Andrew Gelman had a great post on this topic I can't find now.
Pre-registration could be a great solution. Negative results are also important.
Now if one set of mouse moved more, while an other started blowing orange soap bubbles from their ears that would be disturbing. But just that the average differed? Maybe I should read the paper in question.
On top of keeping and publishing "negative outcomes", could we also move to actually requiring verification and validation by another "lab" (or really, an experiment done in different conditions)?

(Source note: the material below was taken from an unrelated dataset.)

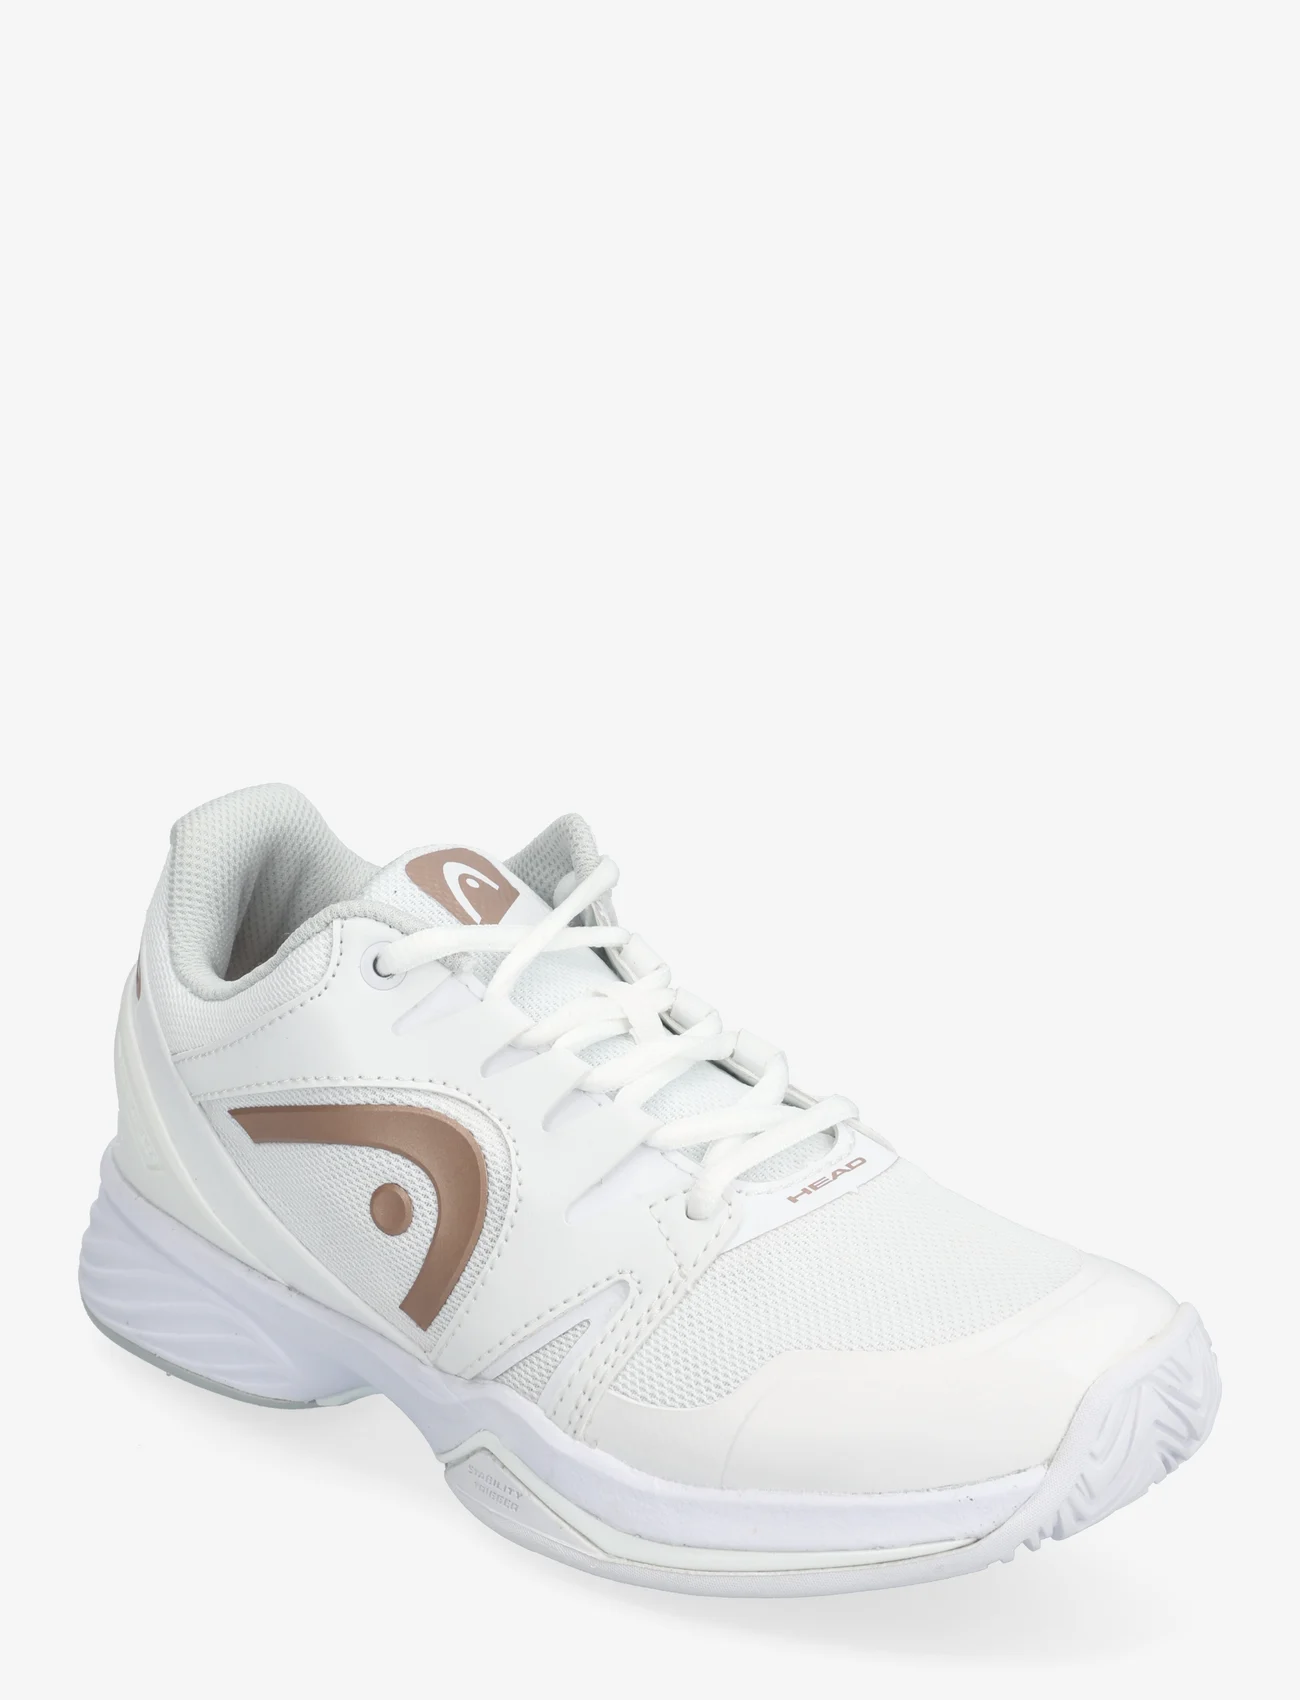 Head - Sprint Ltd. Women WHWH - racketsports shoes - white / white - 0

>> The premise of this test of replicability, of course, is that each of the labs should have generated the same pattern of results. “If any set of experiments should have passed the test, it should have been ours,” Crabbe says. “But that’s not the way it turned out.” In one experiment, Crabbe injected a particular strain of mouse with cocaine. In Portland the mice given the drug moved, on average, six hundred centimetres more than they normally did; in Albany they moved seven hundred and one additional centimetres. But in the Edmonton lab they moved more than five thousand additional centimetres. Similar deviations were observed in a test of anxiety. Furthermore, these inconsistencies didn’t follow any detectable pattern. In Portland one strain of mouse proved most anxious, while in Albany another strain won that distinction.

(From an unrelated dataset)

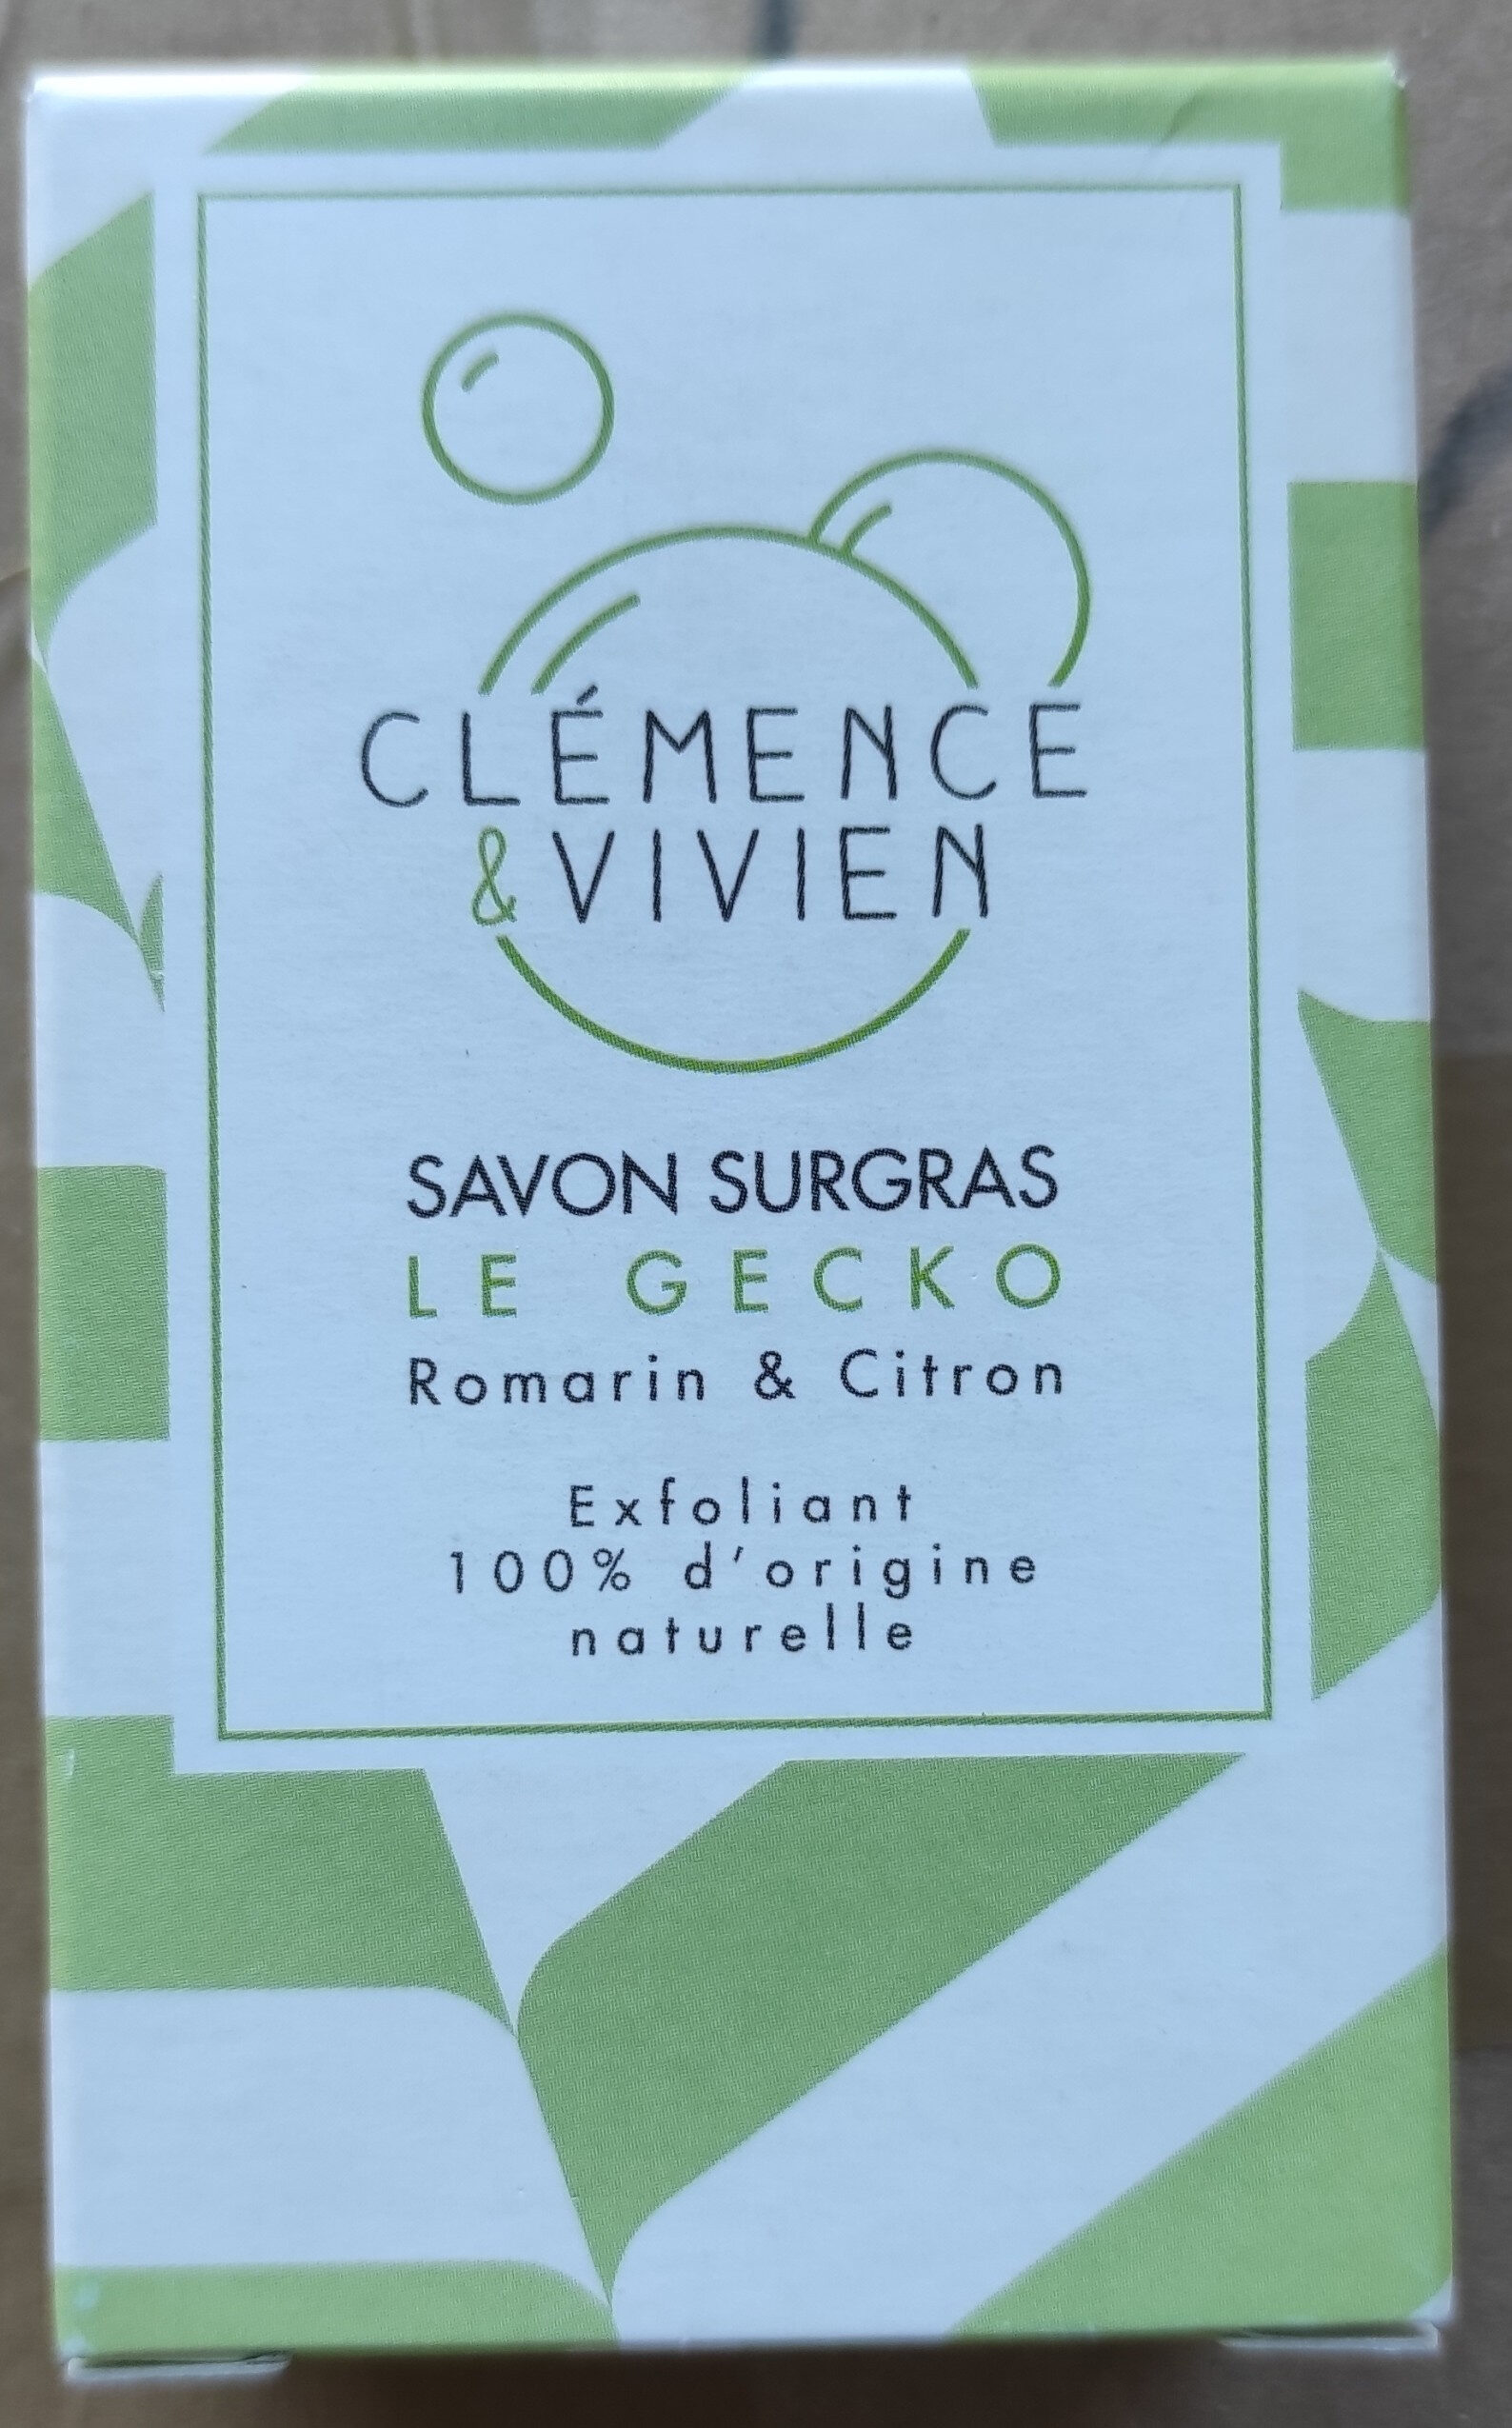 Savon surgras Le Gecko Romarin & Citron - Produit - fr

>> The disturbing implication of the Crabbe study is that a lot of extraordinary scientific data are nothing but noise.
This wasn't established when the post was written, but mice are sensitive and can align themselves to magnetic fields so if the output is movement the result is not thaaaat surprising. There are a lot of things that can affect mouse behavior, including possibly pheromones/smell of the experimenter. I am guessing that behavior patterns such as anxiety behavior can be socially reinforced as well, which could affect results. I can could come up with another dozen factors if I had to. Were mice tested one at a time? How many mice were tested? Time of day? Gut microbiota? If the effect isn't reproducible without the sun and moon lining up, then it could just a 'weak' effect that can be masked or enhanced by other factors. That doesn't mean it's not real, but that the underlying mechanism is unclear. Their experiment reminds me of the rat park experiment, which apparently did not always reproduce, but doesn't mean the effect isn't real in some conditions: https://en.wikipedia.org/wiki/Rat_Park.
I think the idea of publishing negative results is a great one. There are already "journals of negative results". However, for each negative result you could also make the case that some small but important experimental detail is the reason why the result is negative. So negative results have to be repeatable too. Otherwise, no one would have time to read all of the negative results that are being generated. And it would probably be a bad idea to not try an experiment just because someone else tried it before and got a negative result once.
Either way, researchers aren't incentivized to do that. You don't get more points on your grant submission for publishing negative results, unless you also found some neat positive results in the process.